Un éventuel retour ne devrait jamais se résumer à une arrivée à l’aéroport suivie d’un abandon à soi-même. Derrière chaque personne qui revient se trouve une histoire, une famille, des compétences, des projets et parfois des années de sacrifices.

C’est pourquoi notre pays devrait envisager dès maintenant un véritable plan national d’accueil, d’accompagnement et de réintégration sociale et économique. Ce dispositif pourrait faciliter l’accès aux documents administratifs, à l’emploi et à la formation professionnelle, tout en soutenant l’entrepreneuriat et les petites entreprises. Une attention particulière devrait également être accordée aux familles les plus vulnérables ainsi qu’aux enfants et aux jeunes qui auraient besoin d’intégrer ou de réintégrer le système éducatif haïtien.

Nous devons aussi regarder ces compatriotes non seulement à travers leur statut migratoire, mais à travers ce qu’ils représentent humainement et ce qu’ils peuvent apporter à leur pays.

Beaucoup ont acquis au fil des années des connaissances, des expériences professionnelles et des compétences dans la santé, l’éducation, la construction, les transports, la technologie, l’administration, le commerce, les services ou encore l’entrepreneuriat. Si certains sont appelés à revenir un jour, notre responsabilité sera aussi de créer les conditions leur permettant de mettre ces compétences au service de leur propre avenir et, lorsqu’ils le souhaitent, du développement national.

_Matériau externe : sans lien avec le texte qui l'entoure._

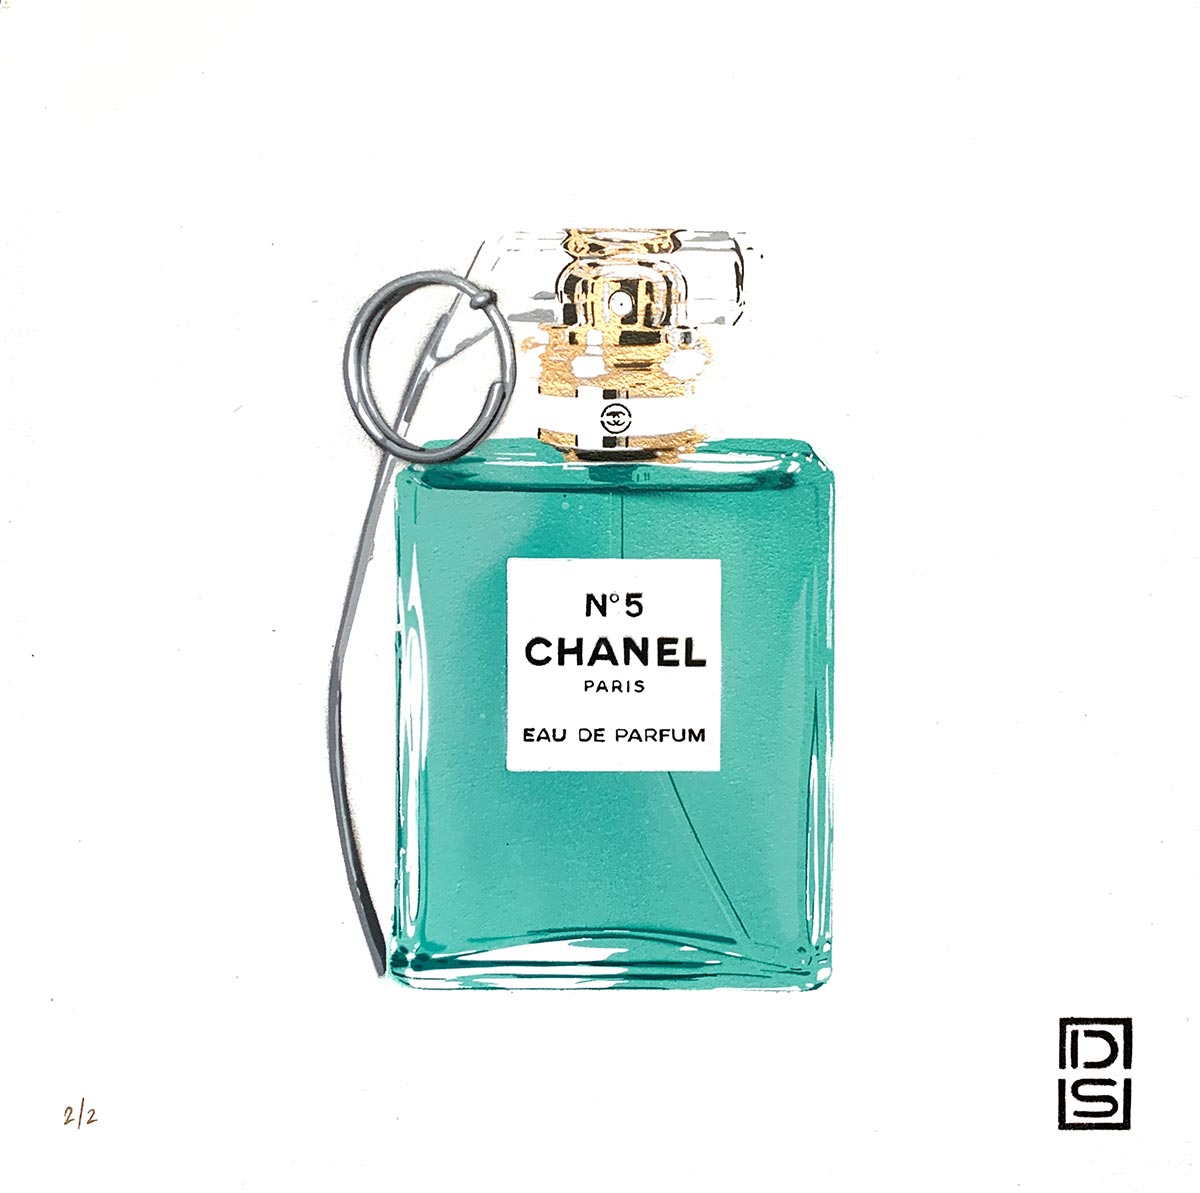 Chanel turquoise

Une telle politique ne pourra réussir sans une mobilisation collective. L’État, les collectivités territoriales, le secteur privé, la société civile, la diaspora et les partenaires internationaux devront travailler ensemble. Aucun gouvernement, aucune institution et aucun secteur ne pourra relever seul un défi de cette ampleur.

Notre position doit donc être à la fois humaine, responsable et équilibrée : continuer à défendre nos compatriotes là où ils se trouvent, tout en préparant avec sérieux et dignité leur accueil si les circonstances devaient un jour conduire à leur retour.

Ce sujet ne devrait pas devenir une occasion supplémentaire de nous diviser. Il devrait plutôt nous rappeler une vérité simple : lorsque des Haïtiens traversent une période difficile, c’est toute la nation qui doit se sentir concernée.

La dignité d’un citoyen haïtien ne s’arrête pas à une frontière. Qu’il vive à Port-au-Prince, dans une ville de province, aux États-Unis ou ailleurs dans le monde, il demeure une fille ou un fils d’Haïti.

À nos compatriotes qui vivent aujourd’hui cette incertitude, notre message doit être un message de respect, d’espoir et de solidarité. Et à nos institutions, notre appel doit être celui de la responsabilité, du dialogue et de la préparation.

C’est dans l’union, la solidarité et le respect de la dignité humaine que nous trouverons la force d’avancer ensemble.

Pierre Aunis Gilles

Entrepreneur, Licencié en droit, Spécialiste en immigration et Candidat aux primaires du Sénat de l’Ouest.